How to solve the Numerai Tournament / lecture by Marcos Lopez de Prado

Hi,

Since I started selling my predictions, people ask, what do I do. @ageonsen posted a great lecture from Marcos Lopez de Prado a few months ago on how to solve the Numerai tournament with fairly detailed steps. I follow those steps!
Seeing the current burning rate, I guess it didn’t get the attention neccessary.

Ageonsen is now #1 and I keep winning medals every week since I started following those instructions.
I might have been simply lucky in the recent eras, but this lecture is certainly valuable. For the beginner and for the expert as well.

You can read it here:

Have fun!

33 Likes

Hi @nyuton - thanks for sharing.

The slides are a great starting point and outline a very sensible approach. But of course they leave implementation completely up to the reader. I’m curious what other references you found useful for getting into the specifics of topics like, say, feature engineering. Is the textbook one of them? Are there others of note?

Thanks again!

Sure the textbook is great!
Eye opening about the value of random forests. My best performing models are random forests. I stopped experimenting with NNs afterwards.

7 Likes

Each week the era of the numerai_tournament_data.csv “test” column increases by one. How then can an era be a one month period?

great point, thanks!

We start one era every week. There are 4 overlapping open eras.

1 Like

I agree with that, but his paper repeatedly refers to the eras as monthly, like here “Train set: 120 months (eras)” on page 6. Shouldn’t that be 120 weeks?

Oh, true. In the training set the eras are not overlapping. Yet…
From 8. September we get the full dataset with overlapping eras.

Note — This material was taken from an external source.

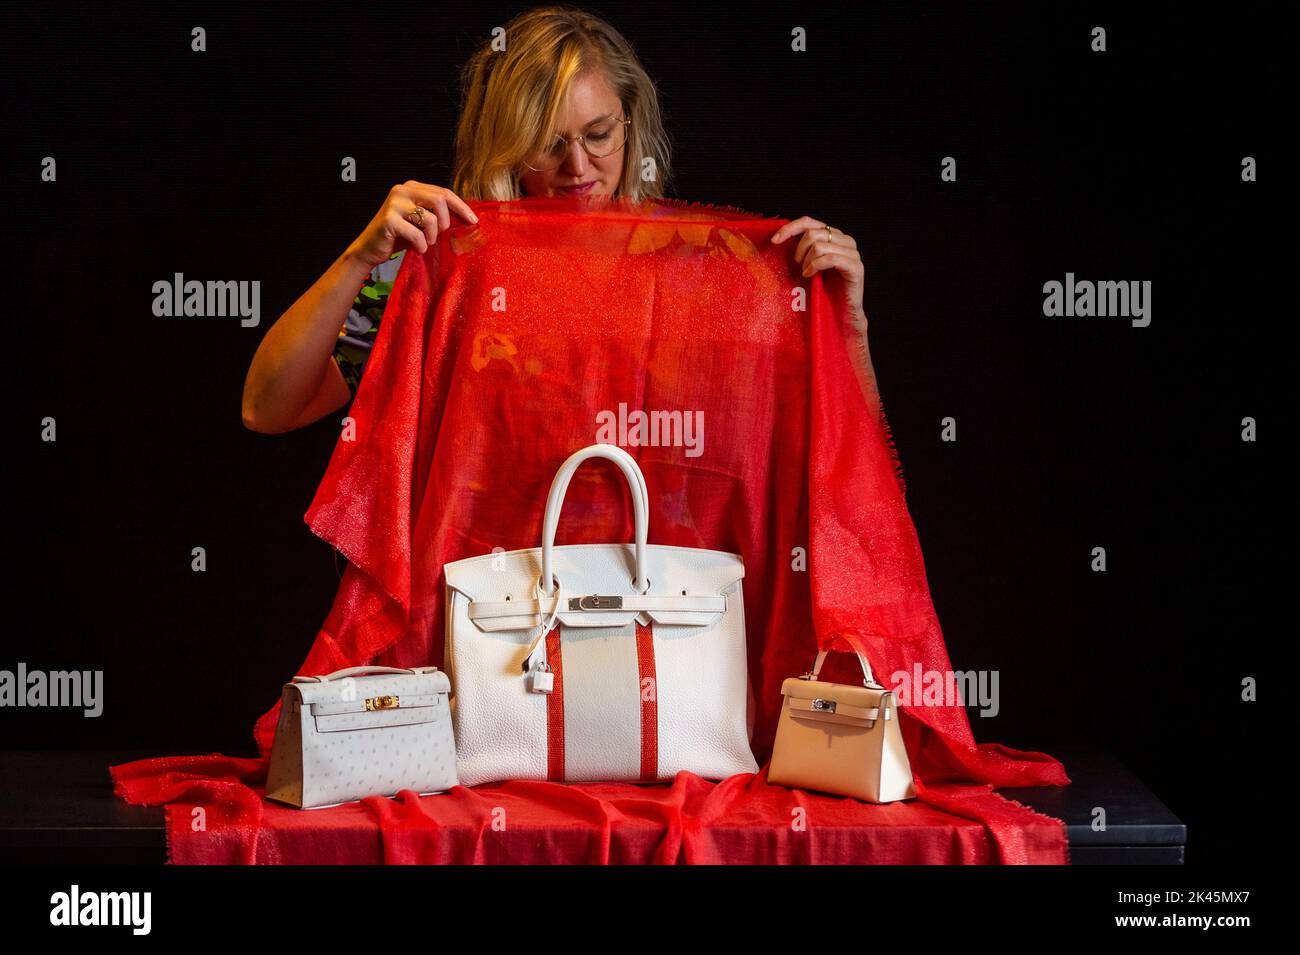 London, UK. 30 September 2022. A staff member reveals (C) a Hermès: a White, Gris Perle Clemence Leather and Sanguine Lizard Club Birkin 35, Limited Edition 2011, (Est. £10,000 - £15,000) at a preview of Bonhams upcoming Designer Handbags and Fashion sale.  More than 250 lots across bags, ready to wear and costume jewellery, including items from Hermès, Louis Vuitton, Chanel, and Dior, will be auctioned at Bonhams Knightsbridge galleries on 4 October.  Credit: Stephen Chung / Alamy Live News Stock Photo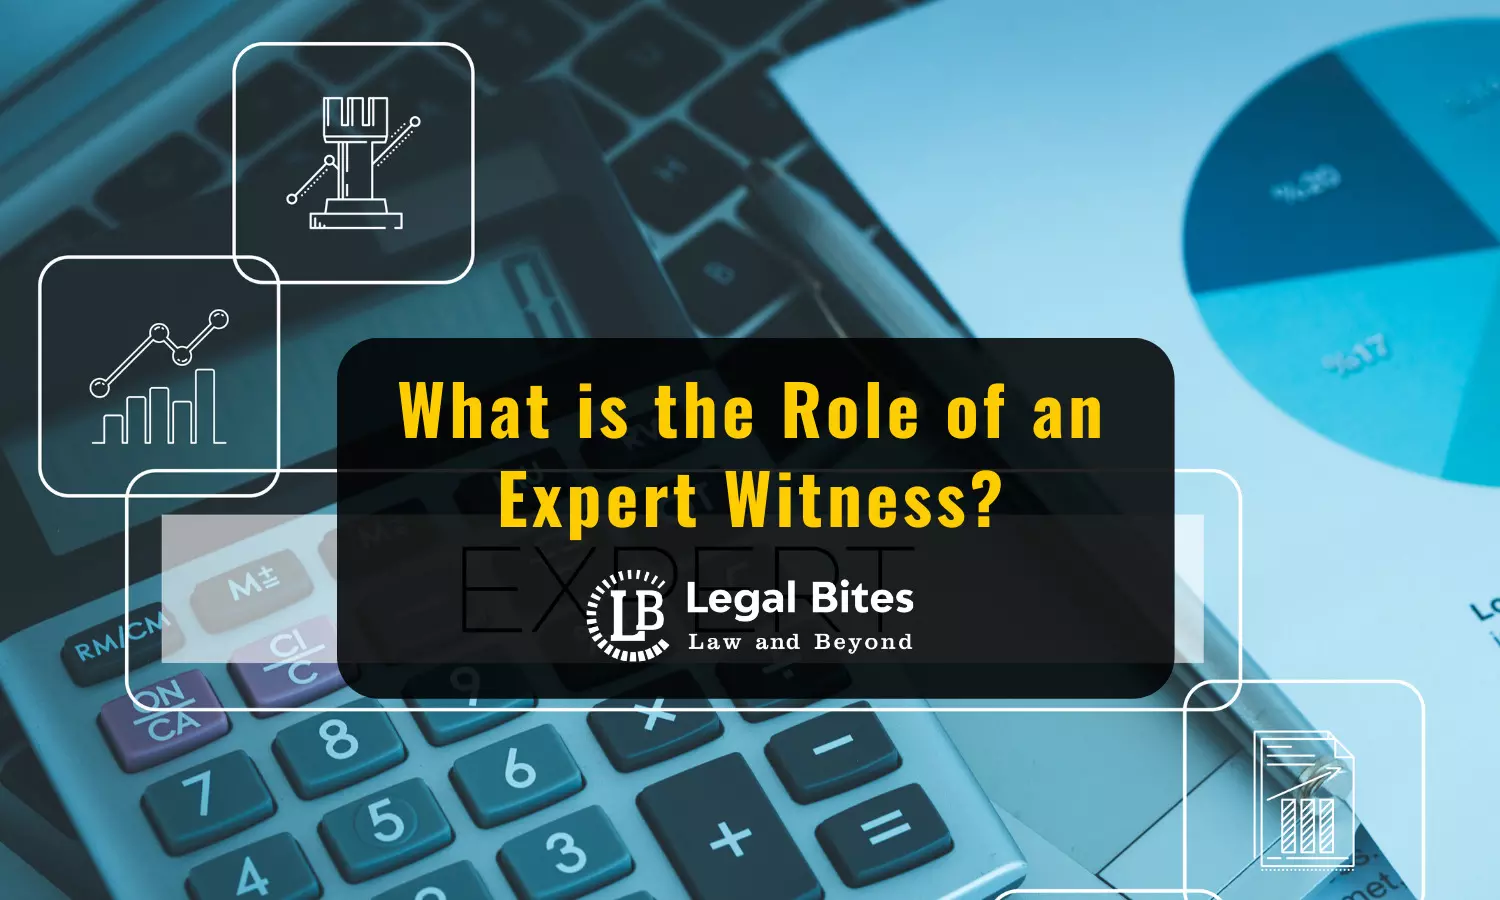 What is the Role of an Expert Witness?

Hi nyuton, thanks for sharing. I am wondering if and how you apply stationarity tests. It makes no sense to apply test directly on the variables since each era reflects the same time period for all assets. Aggregating by eras and calculating the mean and then applying tests (e.g. Augmented Dickey-Fuller) seems too simple.

I think that’s actually exactly what he means, but not necessarily to the variables, but to the variables’ correlation with the target.

1 Like

I’ve aggregated by eras, computed the spearman corr of each era, created a series for each feature (v.4.1) on its correlation and then applied Augmented Dickey-Fuller) on each series. Result, not a single null hypothesis rejected. All features are stationary following this apporach.

1 Like

It may also be more important if you are competing in the signals competition.

thanks for the paper!